CosmosDB is a NoSQL database for solving the problem of big data as expressed by the three V’s: volume, velocity and variety.
CosmosDB is built to be distributed from the ground up. That means you can have multiple replicas of the same database. The more replicas you have, the more available and resilient to failures your database will become. No extra effort needed. It’s simply built-in, not like an afterthought. Next to database replication, CosmosDB also offers scaling out for high volume and high through-put. Scaling out is different from scaling up. More machines are added when needed. CosmosDB also prevents the need for schema changes. Schema changes become ever more complex for business critical databases that require continuous uptime around the clock. Especially when those databases are scaled out. In that case, changes need to be deployed across multiple database servers.
CosmosDB has the following main features:
CosmosDB is first and foremost a document database to store json documents in containers. The documents in your container can differ in schema and can be of different schema types: sales orders, products, invoices, clients, you name it. Reasons to use a different container are not schema type or storage (storage is unlimited), but: through-put (request units), partitioning (partitition key) or both. An example of a partition key is /address/zipCode. You can start with the free tier, which offers 400 request units per second and 5GB of storage. It’s not suitable for large production workloads, but very handy for testing. You can always upgrade later on. Also note that you can use a local emulator (located at: http://aka.ms/cosmosdb-emulator). And finally, it’s important to realize that CosmosDB always encrypts data at rest via a service managed key or a customer managed key.

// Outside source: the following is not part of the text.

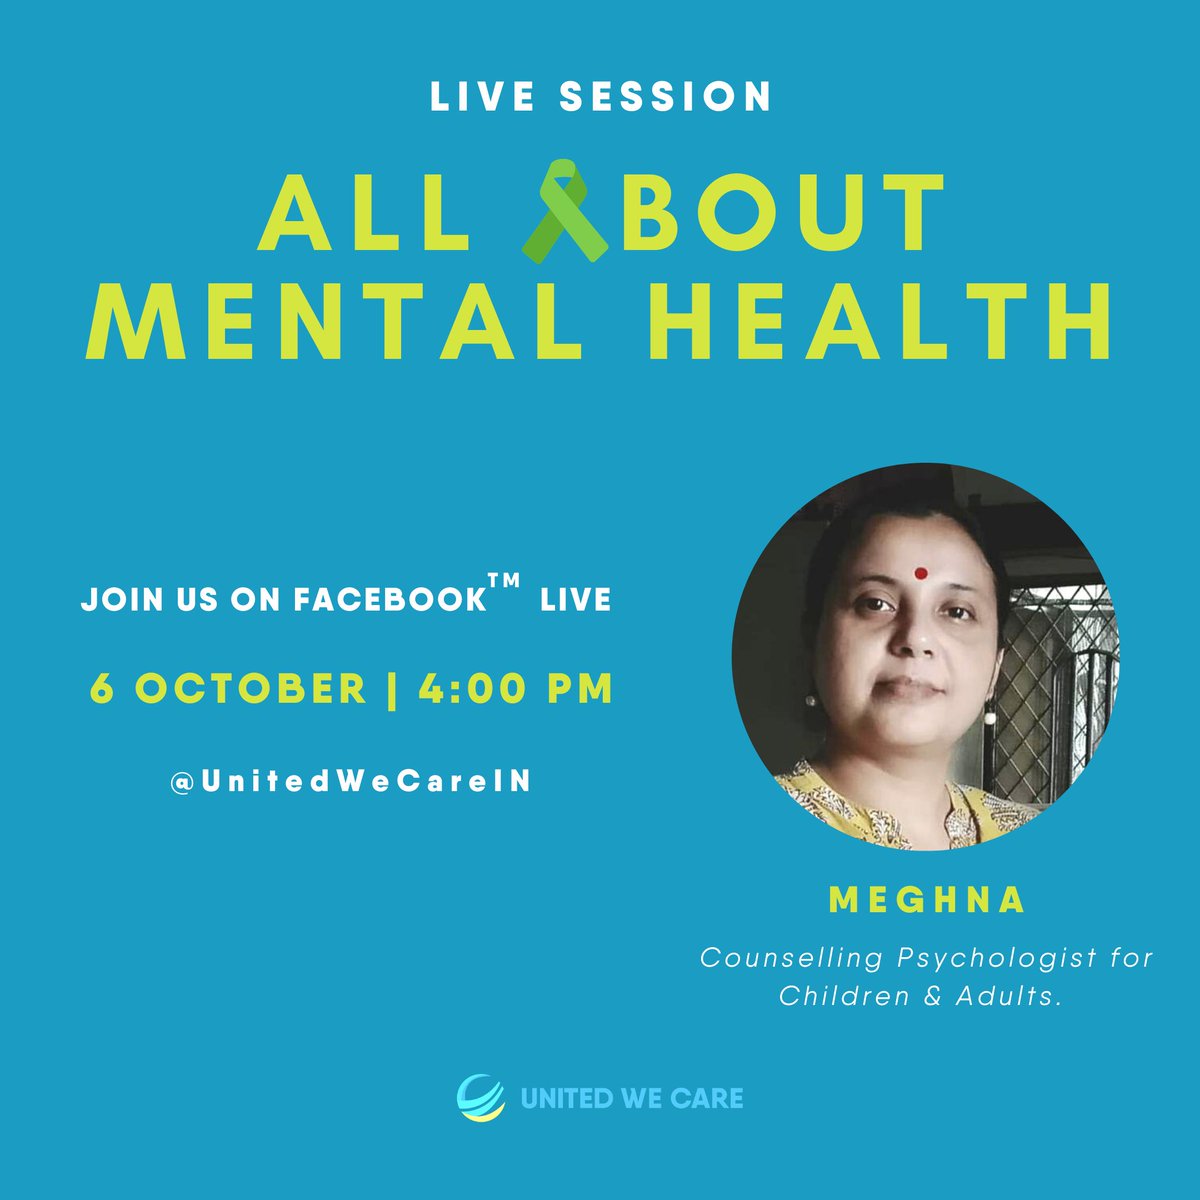 This week is World Mental Health Awareness Week. @unitedwecare_in brings a live session with psychologist Meghna on #MentalHealth on 6th OCTOBER, 4 PM

Wear a #GreenRibbon and show others you care about Mental health #MentalHealthAwarenessWeek #MentalHealthMatters #Mentalhealth

Request units (RU’s) are not a measure for the number of requests per second. It’s a performance measure that includes: CPU, memory and RAM. The short version is as follows. Lower values give lower performance at a lower price. Higher values give higher performance at a higher price. Always disable option “Provision Database Throughput” as this option distributes throughput evenly across all containers, whereas varying througput is typically an important reason to use different containers.
You can create a CosmosDB account and one or more containers via the Azure Portal, Azure CLI or Powershell. You can also use the Data Explorer in the Azure Portal, with or without notebooks. You can use muliple API’s for the underlying datamodel, but for document databases Core (SQL API) is the best option. For key value storage in tables, you can use the Table API.
A CosmosDB database can have mutiple read regions and multiple write regions (also named multi master). Under Keys you’ll find the primary and secondary key and connection string. You have Read-Write keys and Read-Only keys. Be careful, the Read-Write keys give unlimited access to the database and should never be shared with end users. Once you have an account and a container, you can use the Data Explorer for querying. You don’t have to worry about indexing. Every property becomes a leaf node in the hierachy. Each arrays leads to another parent level. The hierarchy is translated into keys and values. And this list is simply translated into indexes.
We can add documents to populate the container. When we leave out the id property a GUID will automatically be generated for the id. The system properties _rid, _self, _etag, _attachments and_ts (timestamp) will be added automatically.
Simple notebook examples can use one of the standard templates from the gallery or create a new one. Notebooks are just a collection of cells. A cell can contain a code snippet (Add Code) or some formatted text using markdown syntax (Add Text). For code you can for instance use Python (*.ipynb) or C# (Kernel dropdown). You can use so-called “magic” in code, like %%upload to add a document to a container. Or %%sql to run a sql query against your container. See the exercise files for examples.